Sommes nous libre de choisir ?
Olena se posait la question lorsqu'elle se mit à réfléchir activement à son emploi, sa vie, ses choix...
Le choix. Nous pensons tous avoir le choix. En réalité, nous sommes déterminés par tellement de phénomènes et de facteurs différents. D'ailleurs, c'est peut être parce qu'il y en a autant, parce que cette multitude de facteurs est si vague que nous pensons être seul maître de nous-même. Cette multitude, ce déterminisme de la vie nous fait agir de telle ou telle manière: qui ne s'est jamais dit, un jour, à lui même, « si je n'avais pas fait ça, il y a tant de temps, je n'en serais pas là. » ?
Nous nous le sommes tous dit un jour, Olena, elle, se l'était dit un bon milliard de fois et c'est ce déterminisme là que l'on pense combattre.
Par exemple, un jour, à une soirée organisée par des amis, on rencontre telle personne. Un an plus tard, on est toujours amie avec cette personne. Ce ne serait pas le cas si il n'y avait pas eu d'invitation à ladite soirée.
Bien que ici, l'exemple soit positif, il peut être aussi négatif. Mais peu importe vers quelle tendance il tend, cet exemple nous montre que nous ne sommes pas forcément libre de tout. On choisi d'accepter l'invitation, mais sans celle-ci, il n'y aurait pas eu de rencontre, donc la rencontre a été déterminée par le fait que l'on est ou non invité.
Et elle ne dépend pas de soi.
Alors que choisissons nous réellement ? Comment nous habiller le matin ou plus largement, quelle opinion partager ?
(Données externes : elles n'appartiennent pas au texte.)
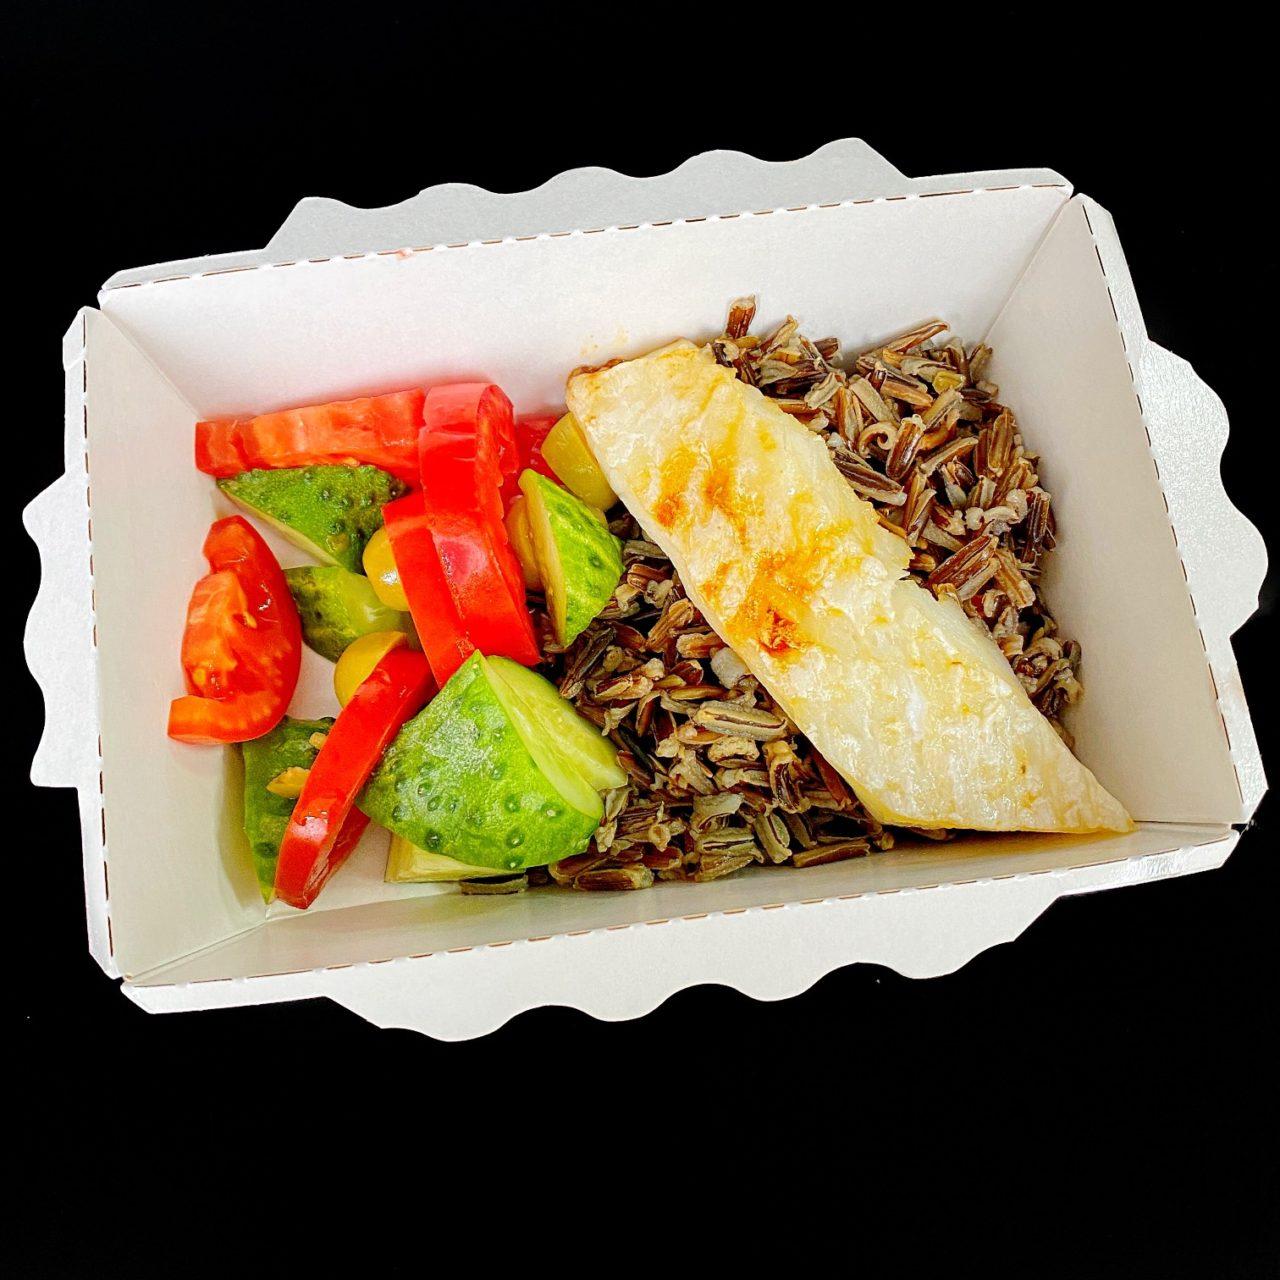 Рыба с диким рисом и овощами

Nous pourrions répondre un bref "oui" à ces questions, or ce n'est pas le cas et de toute façon, Olena n'aimait pas les réponses trop simples, sans quoi elle n'aurait plus rien à penser.
« -Bonjour, je vais prendre un expresso et un pain au chocolat s'il vous plait. »
Olena exécuta sa tâche tout en réfléchissant activement.
Nous sommes influencés par des modes et des tendances inscrites dans l'évolution de notre culture et nous ne sommes pas capables, ou très peu, de nous détacher des masses. Pas par manque d'envie ou par ignorance, mais car cela nous est tout simplement impossible.
La publicité, par exemple, nous étudie et nous incite constamment à consommer de nouveaux produits ou à adhérer à tel mode de vie. Cette dernière nous conditionne.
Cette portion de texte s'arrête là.